Шахматная Федерация США насчитывала в то время только три тысячи членов, не существовало никакой национальной программы по развитию шахмат или обучению им детей, и похвастаться она могла только одним гроссмейстером — Сэмюэлем Решевским. Его статус приносил ему 200 долларов в месяц — стипендия, которую ему выделили несколько восхищенных поклонников. В дополнение к этому он зарабатывал примерно 7.500 в год, читая лекции и давая сеансы. Бродил ложный слух, что дома у него не было даже шахматного комплекта.
Во многих отношениях приближавшийся матч напоминал ситуацию, при которой звезды НБА играли бы против студенческой команды. Возможность того, что студенты могут выиграть, исключить нельзя, но статистически их шансы заметно ниже, чем один из тысячи.
В среду 16 июня Бобби, надевший рубашку поло с короткими рукавами, прибыл в отель «Рузвельт» в сопровождении Нигро, чтобы присутствовать на первом раунде исторического матча. Мальчик впервые был в каком-либо вообще отеле, он посмотрел на большие часы над лестницей, затем увидел знакомые лица некоторых из тех, кто входил в Большой бальный Зал. Он узнал членов бруклинского шахматного клуба и нескольких завсегдатаев Центрального парка Вашингтона. Бобби занял свое место в аудитории, словно он присутствовал на церемонии вручения наград Академии, «сканируя» сцену «широко открытыми от любопытства глазами», — как выразился Нигро.
На сцене, на фоне бархатного занавеса, висели два флага: американский звездно-полосатый и зловеще-алый советский с серпом и молотом. Под ними, во всю ширину сцены, располагались восемь демонстрационных досок, на которых должны будут показываться для зрителей ходы в партиях. Восемь столиков с шахматными фигурами и досками были подготовлены для противников. В зале присутствовало около 1100 зрителей — самая большая аудитория в истории шахматной Америки.

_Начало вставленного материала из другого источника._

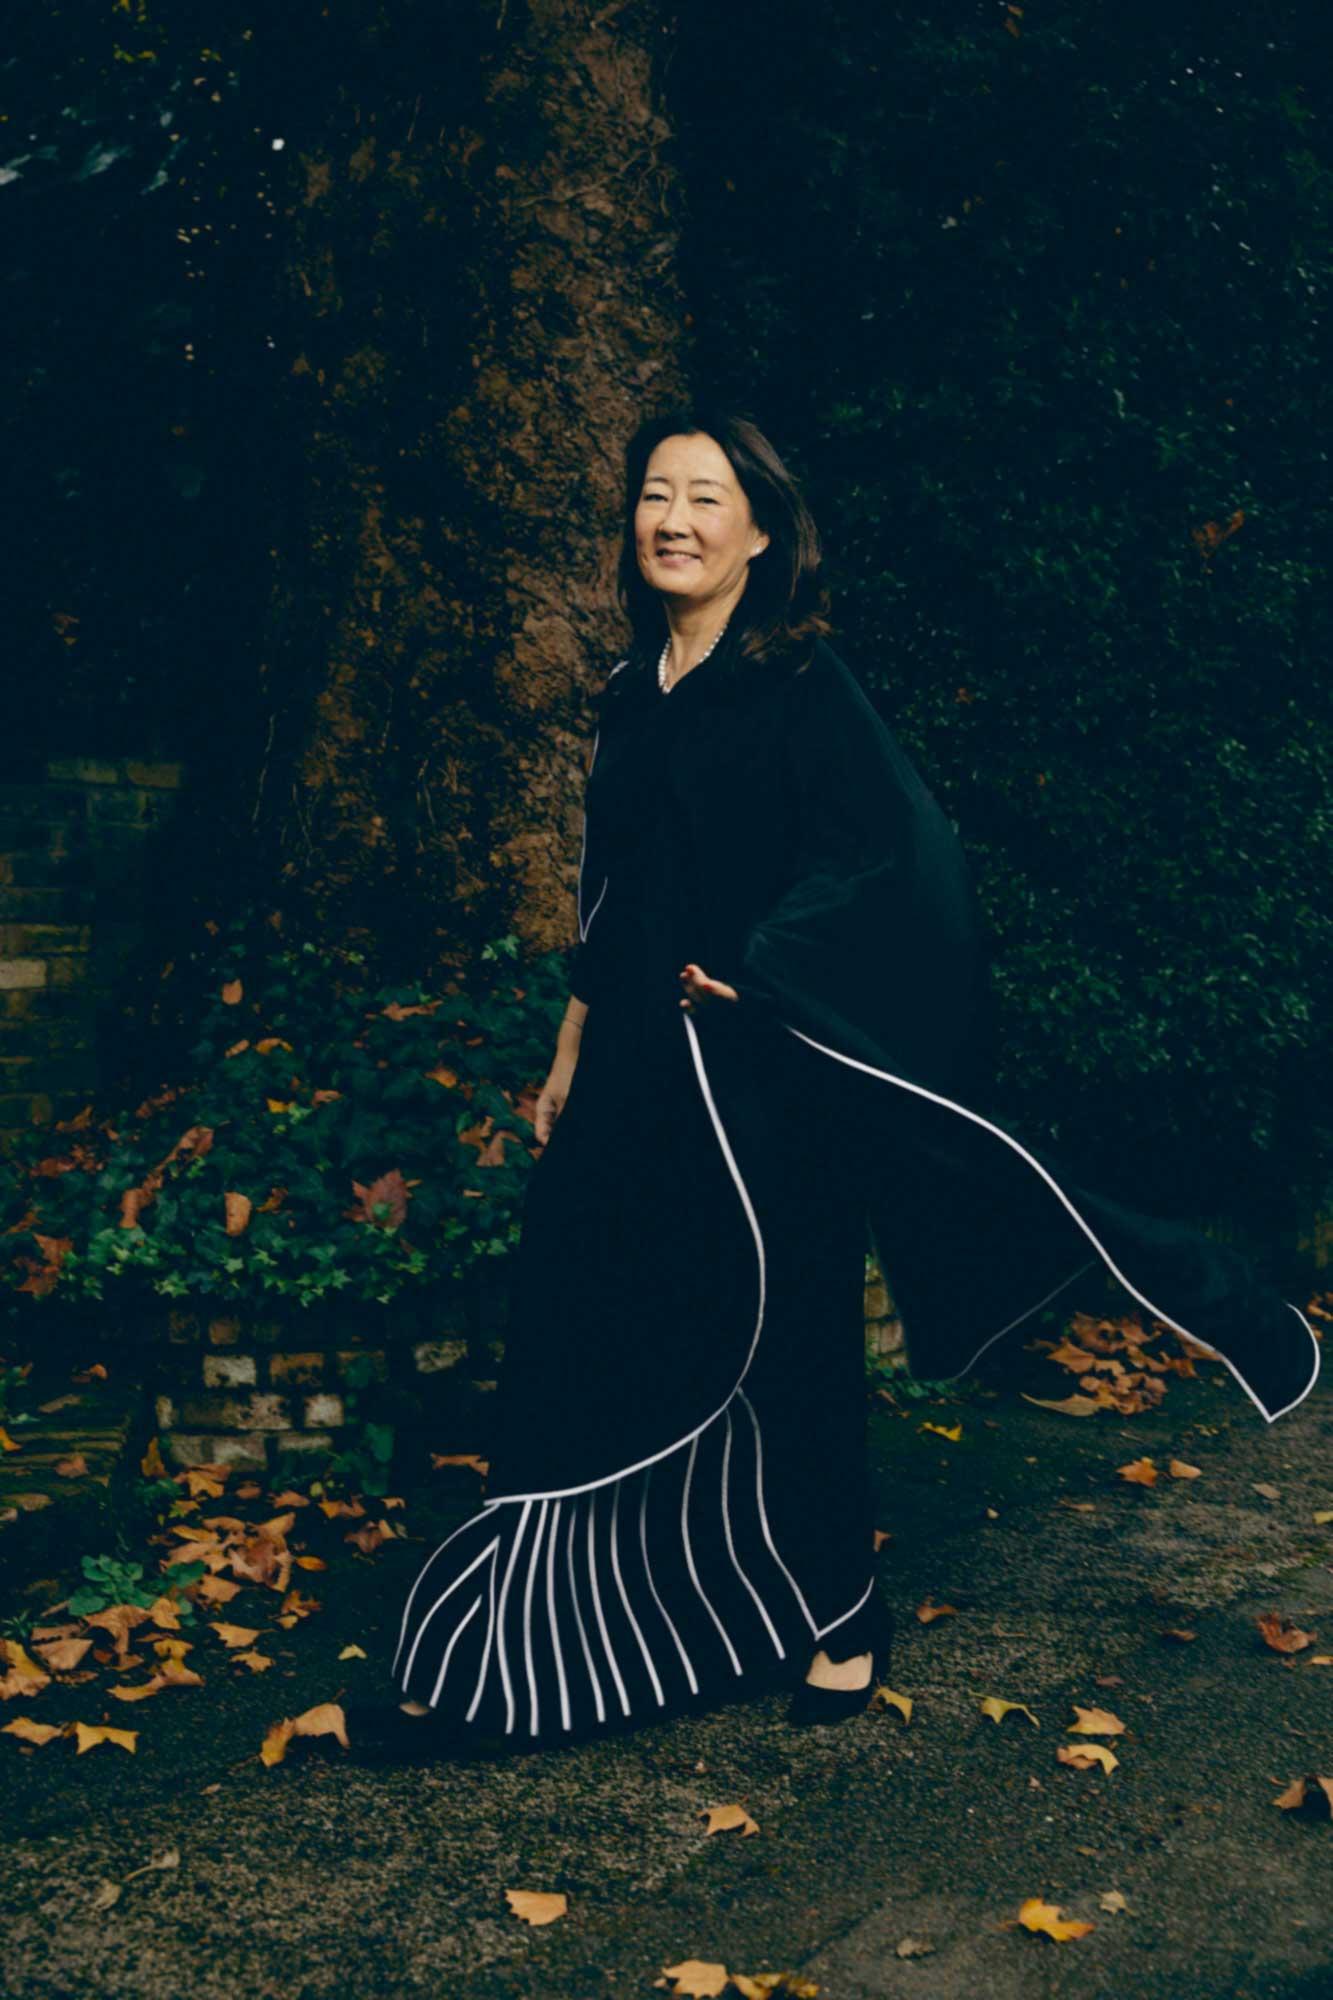 Patricia Dhar in a sari

Собравшиеся на сцене игроки ожидали сигнала судьи, чтобы занять свои места и начать игру. Советский шахматист Давид Бронштейн попросил стакан лимонного сока — нет, не лимонада, а настоящего лимонного сока, настаивал он — который и выпил, как показалось, залпом. Американцы заметно нервничали, чему не стоило удивляться: помимо двух предыдущих поражений, не дававших оснований надеяться на успех в этом матче, они могли вспомнить о недавнем разгроме советскими аргентинской команды в Буэнос-Айресе и французской в Париже. Дональд Бирн, победитель открытого чемпионата США, рассказывал, что он так нервничал накануне, что весь день перед матчем старался выбросить его из головы, для чего читал романтическую прозу Натаниэла Готторна.
Наконец, после обязательных слов о том, что шахматный матч служит вкладом в дело разрядки между СССР и США, игра началась. Нигро отметил не без лестной для себя гордости, что его протеже неотступно смотрел на сцену, впитывая все детали происходящего.
Понимал ли Бобби всю политическую подоплеку матча? Вздымалось ли чувство патриотизма у него в груди, и желал ли он победы всем сердцем своей команде? Хотел ли он — или мечтал — когда-нибудь взойти на такую сцену участником матча против лучших игроков планеты? Он никогда не упоминал об этом матче, но вероятнее всего, что ответом, во всяком случае, на второй вопрос, будет «да».